Would the multithreaded example work if instead of calling jit
on the function we had used jit
with argument types specified as a decorator? I think this is equivalent to asking if the function would be compiled upon definition if jitted with a decorator.
import numba as nb
import numpy as np
def inner_func(result, a, b):
threadstate = savethread()
for i in range(len(result)):
result[i] = np.exp(2.1 * a[i] + 3.2 * b[i])
restorethread(threadstate)
signature = nb.void(nb.double[:], nb.double[:], nb.double[:])
inner_func_nb = nb.jit(signature, nopython=True)(inner_func)
vs
import numba as nb
import numpy as np
signature = nb.void(nb.double[:], nb.double[:], nb.double[:])
@nb.jit(signature, nopython=True)
def inner_func(result, a, b):
threadstate = savethread()
for i in range(len(result)):
result[i] = np.exp(2.1 * a[i] + 3.2 * b[i])
restorethread(threadstate)
回答1:
Unless I'm missing something, your two examples are exactly equivalent, not because of anything numba does (or doesn't do), but because that's how decorators work. I'll explain the general principle and you can double-check whether that's the transformation you are asking about. This code:
@d(arg)
def f(x): ...
is by definition equivalent to:
_decorator = d(arg)
def f(x): ...
f = _decorator(f)
which, if we make the reasonable assumptions that d(arg)
has no side effects, can be rewritten as:
def f(x): ...
f = d(arg)(f)
The decorator can't even tell the difference (without deliberately using fragile black magic).

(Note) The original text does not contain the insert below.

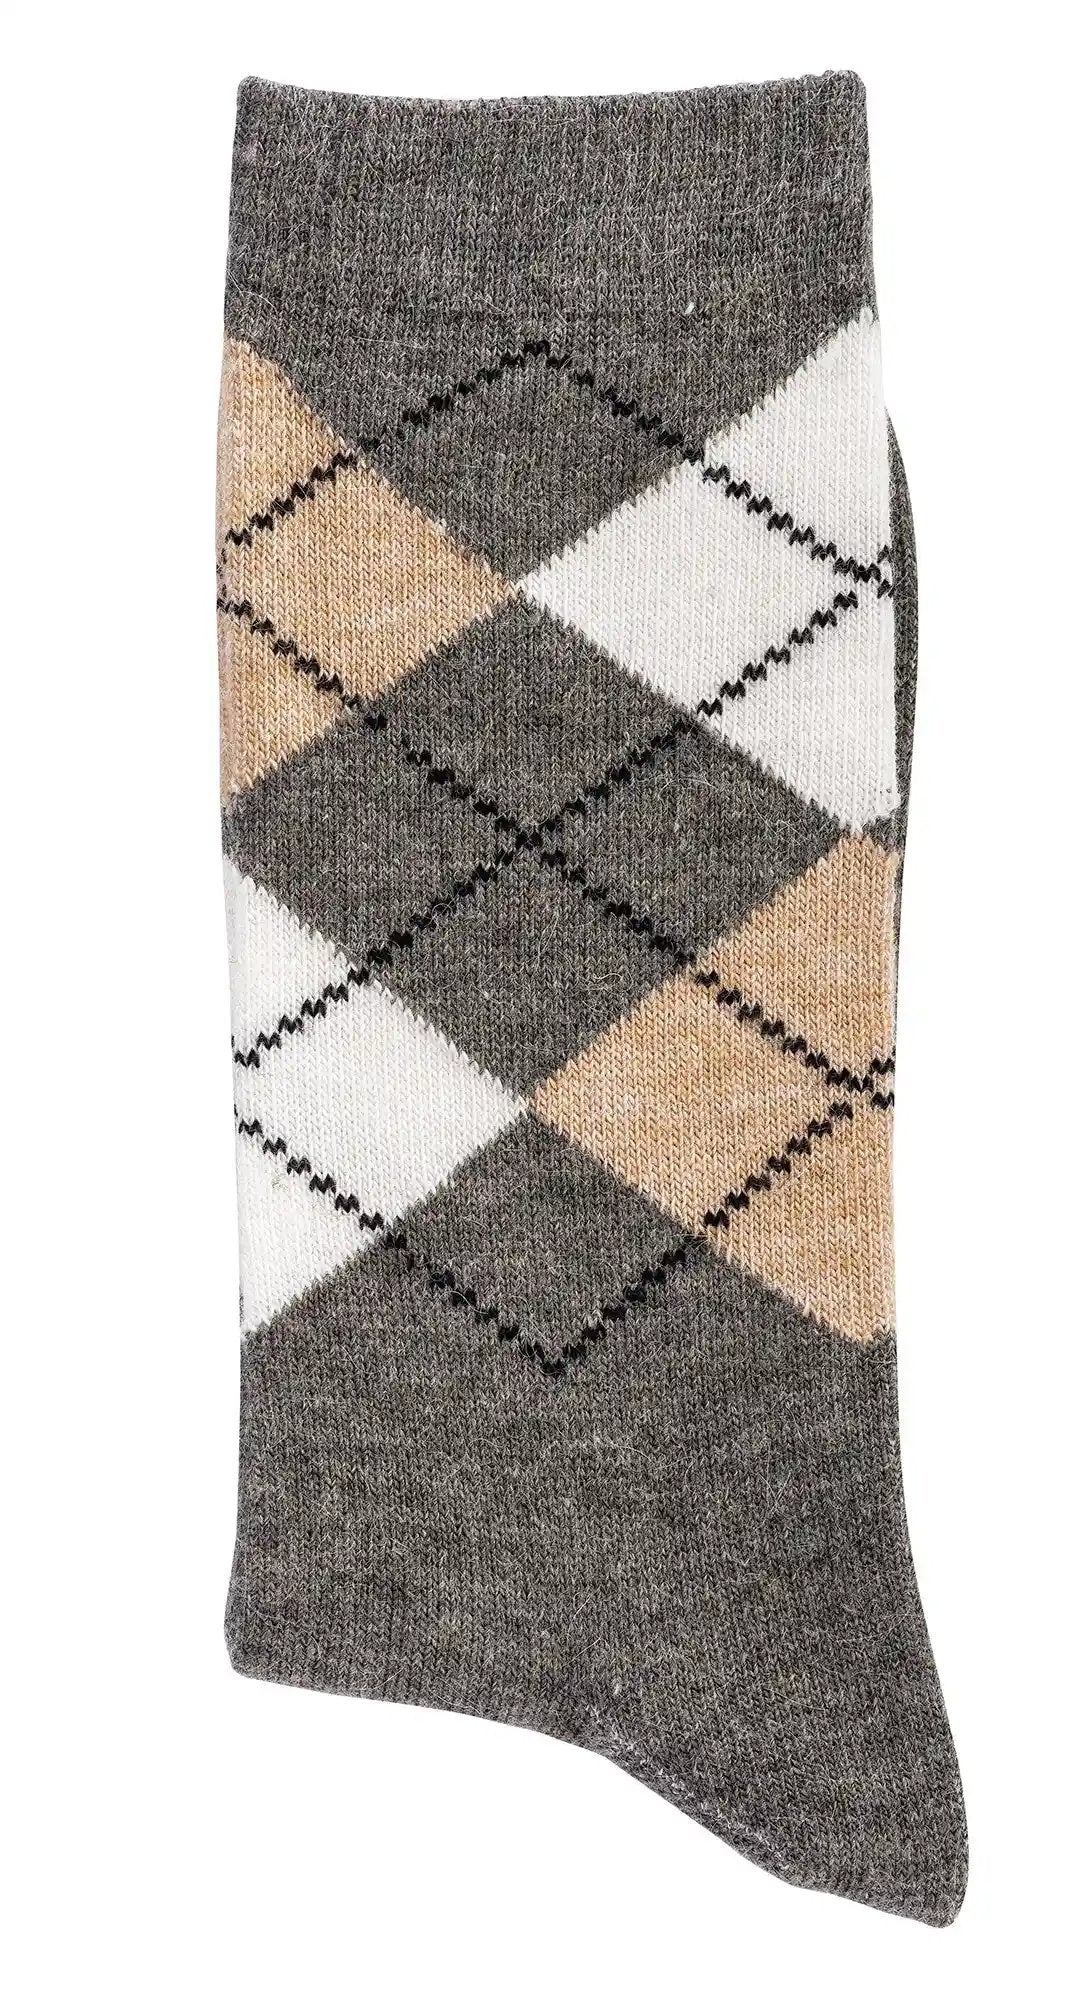 3 or 6 pairs of checked socks with alpaca wool for men and women

The sole difference is that, in the first example, you called the decorated function inner_func_nb
instead of replacing inner_func
with it. This would cause different behavior if you called inner_func
, since in the first example you'd be calling the un-decorated un-jitted function. That doesn't mean the jitting doesn't happen, only that its result is stored under a different name.